On a recent trip to the supermarket, history clapped back at me when my eye alighted on something named spaetzle, which, with a slight emotional jolt, I immediately recognized. I hadn’t thought about spaetzle since I left home for college at 19. I purchased a box, but on the ride home, I suddenly heard my grandmother’s accented voice saying that the real spaetzle is a dish you make yourself.

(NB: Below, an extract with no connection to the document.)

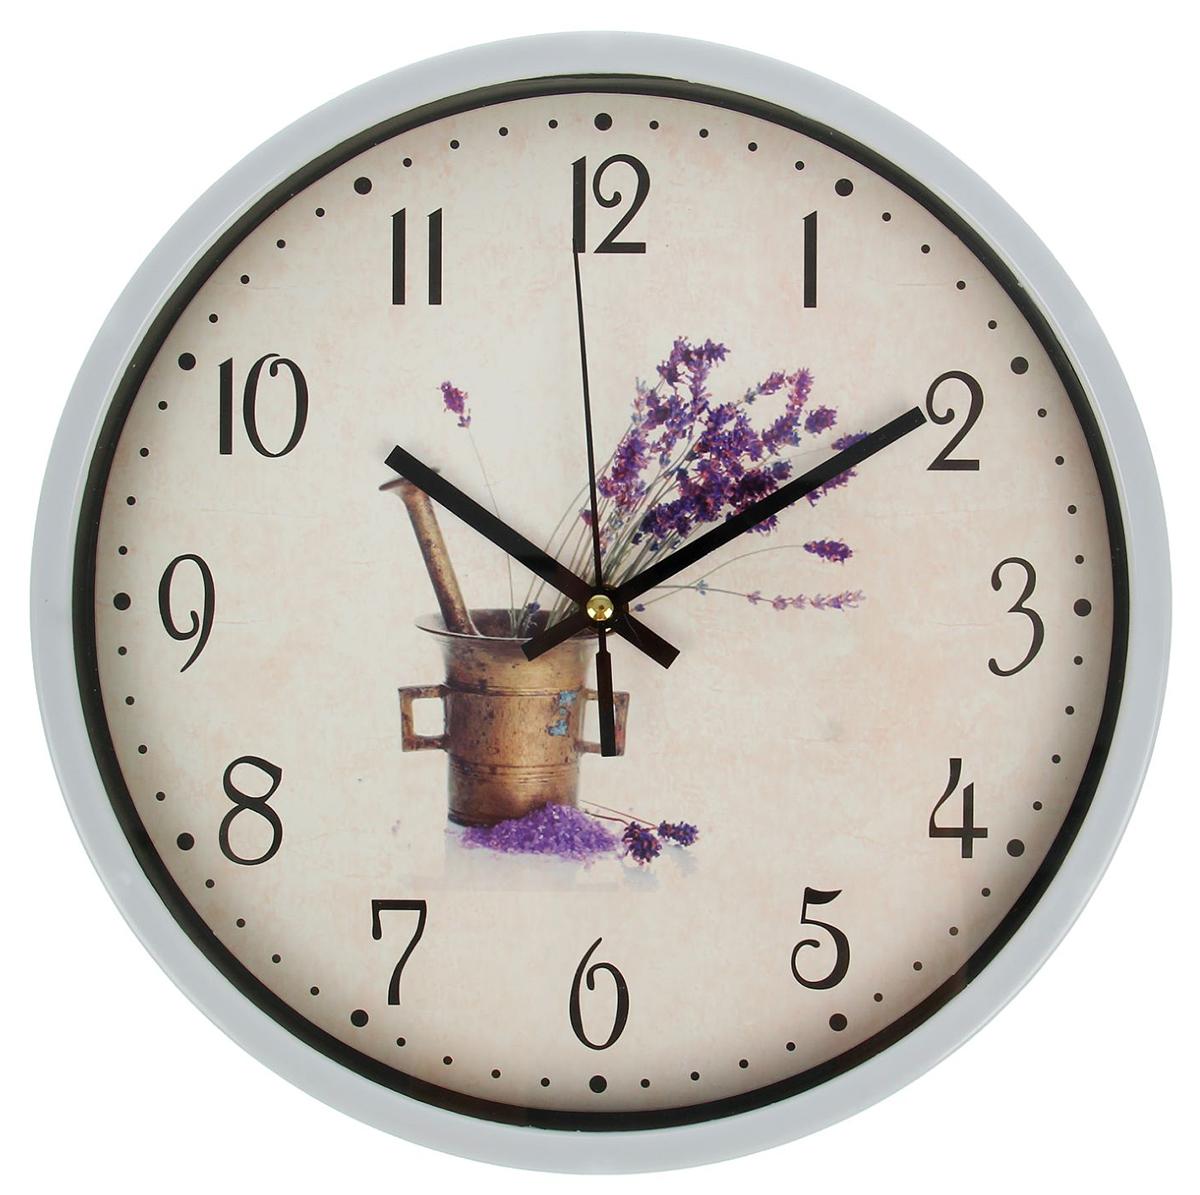 Часы настенные Цветы в ведерке, диаметр 30 см2364708Каждому хозяину периодически приходит мысль обновить свою квартиру, сделать ремонт, перестановку или кардинально поменять внешний вид каждой комнаты. — привлекательная деталь, которая поможет воплотить вашу интерьерную идею, создать неповторимую атмосферу в вашем доме. Окружите себя приятными мелочами, пусть они радуют глаз и дарят гармонию.Часы настенные круг, рама пласт белая, на циферблате цветы в ведёрке,30см 2364708

Once home, I put the box in the cupboard with a guilty conscience and began to look for the old recipe, lettered in my grandmother’s hand. The ingredients were simple enough: flour, egg and a bit of milk mixed into a pancake-batter-like consistency. Dropping little lumps of the batter into some salted boiling water then ensued. When the lumps finally took form plumping up into morsels, I turned off the burner, drained off the hot water and allowed them to cool off. The first bite reconnected to my childhood—to the tastes of my bubbe’s kitchen and the sounds of immigrants talking in their native languages, their home a refuge in this strange, new land.

The box of spaetzle I bought, which I know I will never use, still sits high upon a kitchen shelf, recalling the architecture of a former life. It reminds me that each of us is knit of an infinite fabric of previous histories; that I cannot separate my identity from my past, residing happily in my European and American Jewish worlds.

When my son nearly trips on a street curb while alighting from our car, the word Vorsichtig! (“Watch out!”) suddenly issues from my throat. I tell him about the great-grandmother he never knew who poured love and soul into her food so that her story is not forgotten. The word “spaetzle” is now a part of his vocabulary, and one day, he will make that delicacy with his grandmother’s blessing on his own. More importantly, the act of making and eating spaetzle will link him to a sustained Jewish path that stresses the values of hospitality and doing good things for others while sharing a storied food.

Homemade Spaetzle

  • 2 cups all-purpose flour
  • 4 medium-sized eggs
  • 1 teaspoon salt
  • ½ cup water
  • ½ teaspoon ground nutmeg
  • one pinch of freshly ground white pepper

Pour the flour into a medium-sized mixing bowl. Stir in the eggs and spices with a wooden spoon. Slowly add water while mixing vigorously until the dough becomes elastic. Bring a large pot of salted water to a boil and drop in spoonfuls of the batter until cooked.